Give back exactly the lines of the data below, starting with the line that has "15837 W HURON" and going on through the line that has "Franchise Marketing Plan".

Provided records
-*-*-
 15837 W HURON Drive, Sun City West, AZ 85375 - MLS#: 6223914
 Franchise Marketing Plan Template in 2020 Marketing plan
-*-*-
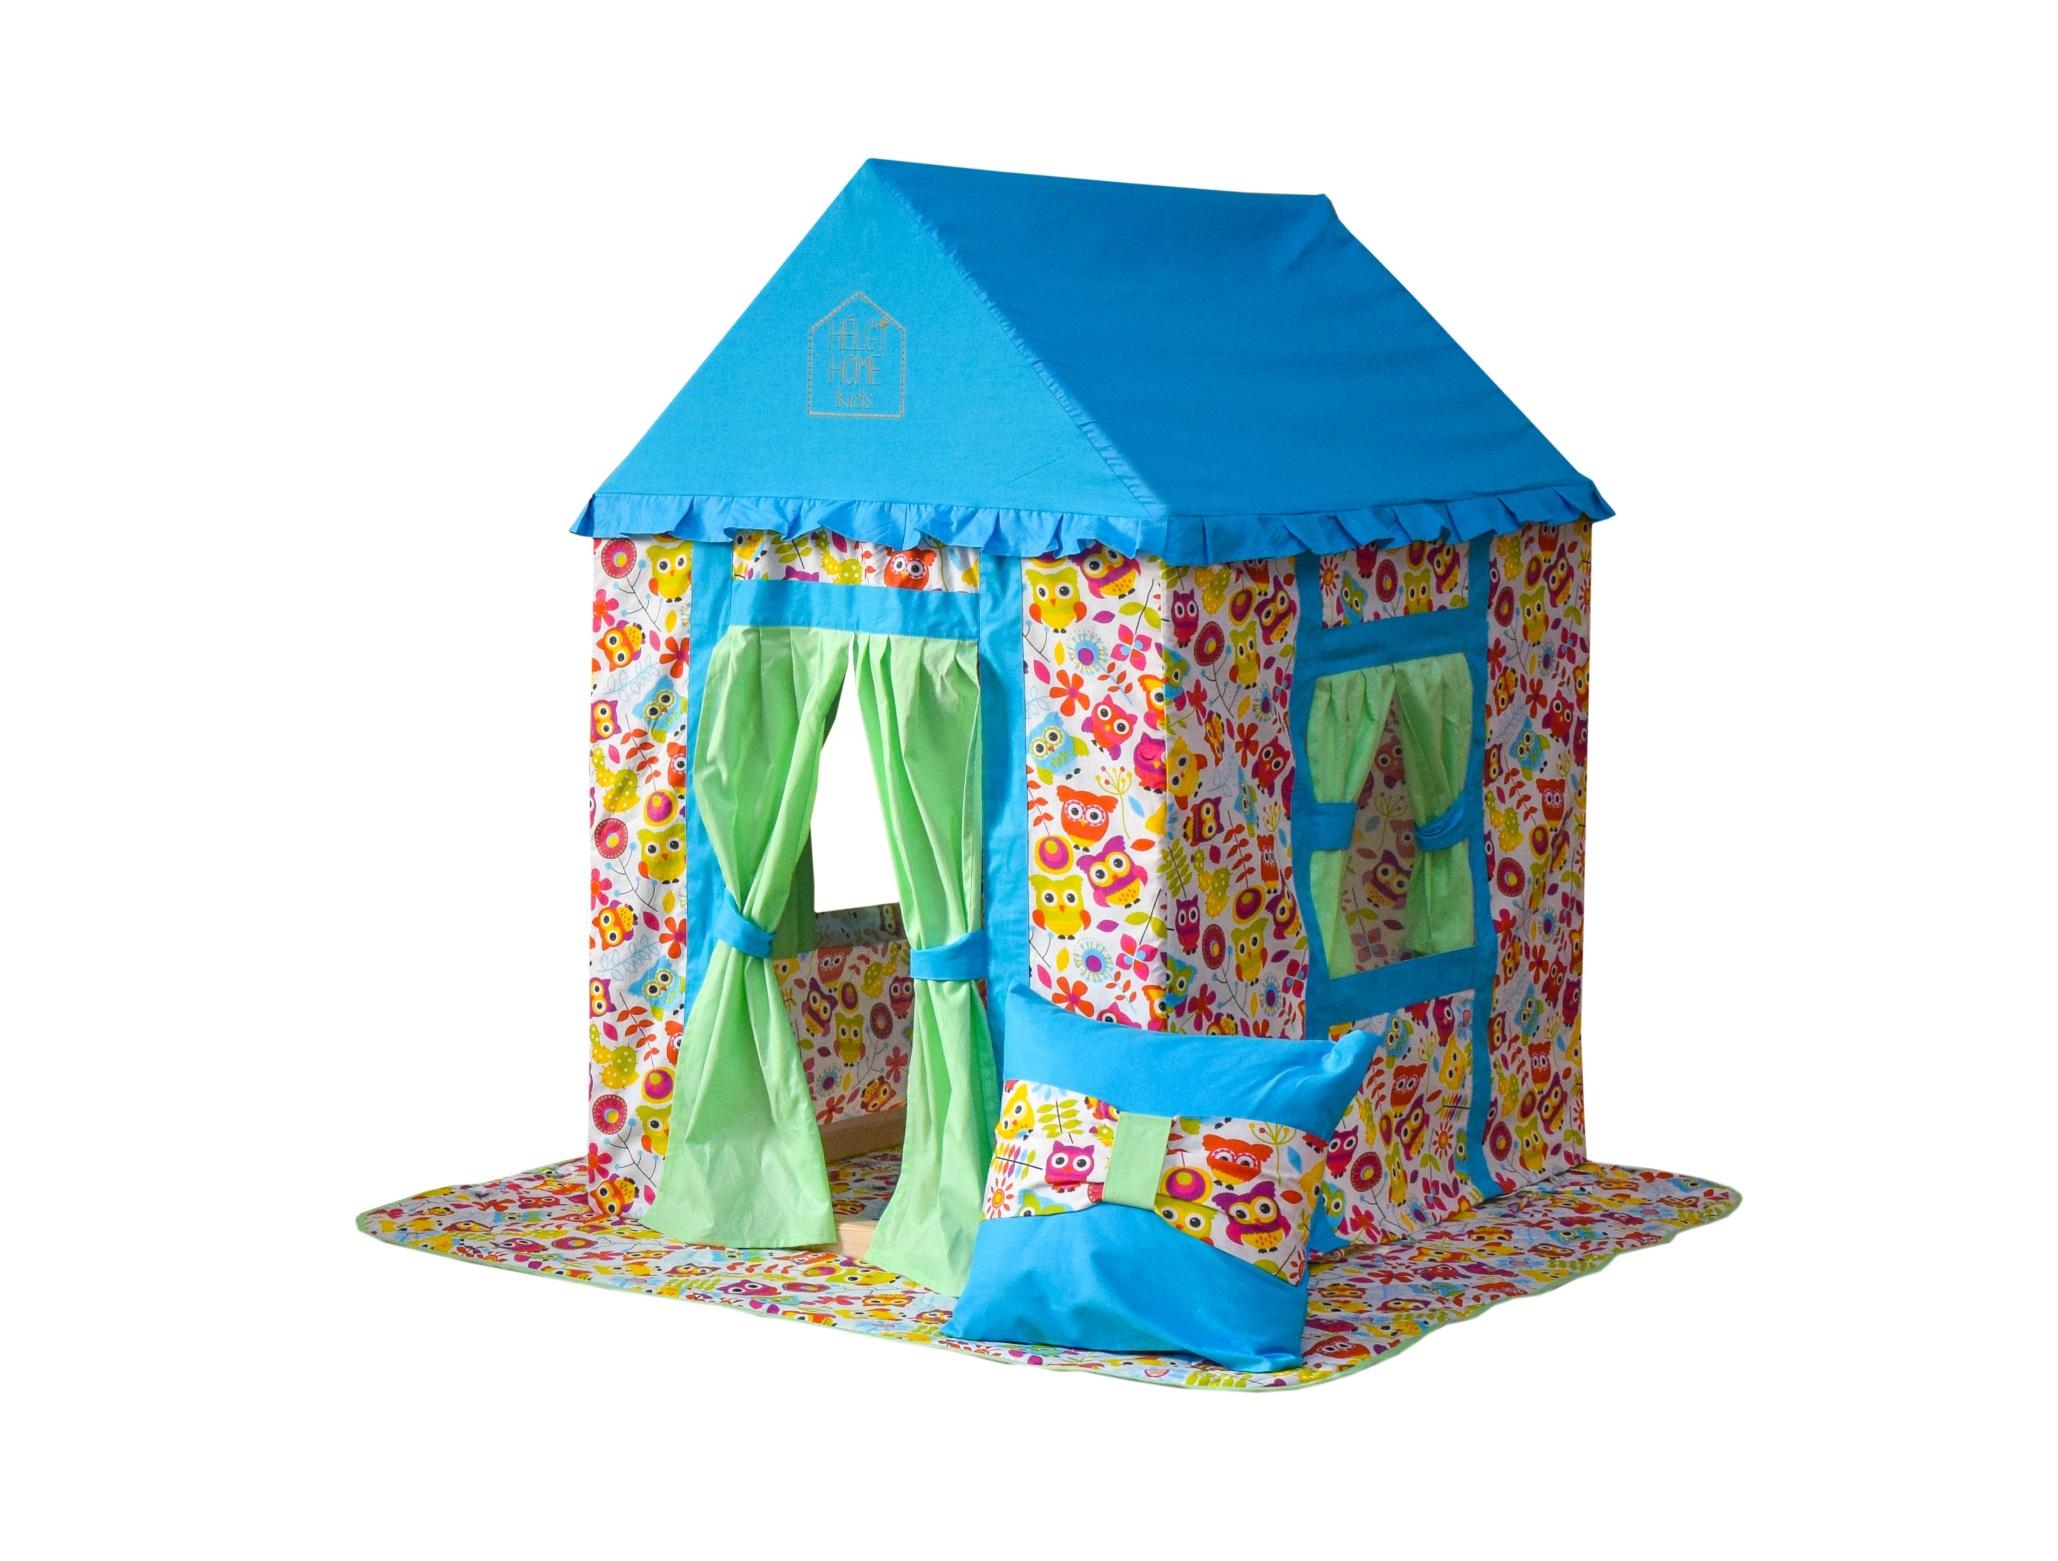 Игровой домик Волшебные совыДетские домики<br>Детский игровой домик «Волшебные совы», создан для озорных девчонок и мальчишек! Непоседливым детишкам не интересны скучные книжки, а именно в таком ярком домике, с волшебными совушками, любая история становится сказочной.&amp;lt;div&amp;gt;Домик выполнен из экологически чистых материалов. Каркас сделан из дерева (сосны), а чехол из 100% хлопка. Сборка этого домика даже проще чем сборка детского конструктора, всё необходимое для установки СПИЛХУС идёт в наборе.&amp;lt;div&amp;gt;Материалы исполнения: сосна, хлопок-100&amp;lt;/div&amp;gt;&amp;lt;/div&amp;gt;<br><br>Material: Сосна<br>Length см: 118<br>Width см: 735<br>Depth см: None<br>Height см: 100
-*-*-
Solved exercise
 15837 W HURON Drive, Sun City West, AZ 85375 - MLS#: 6223914
 Franchise Marketing Plan Template in 2020 Marketing plan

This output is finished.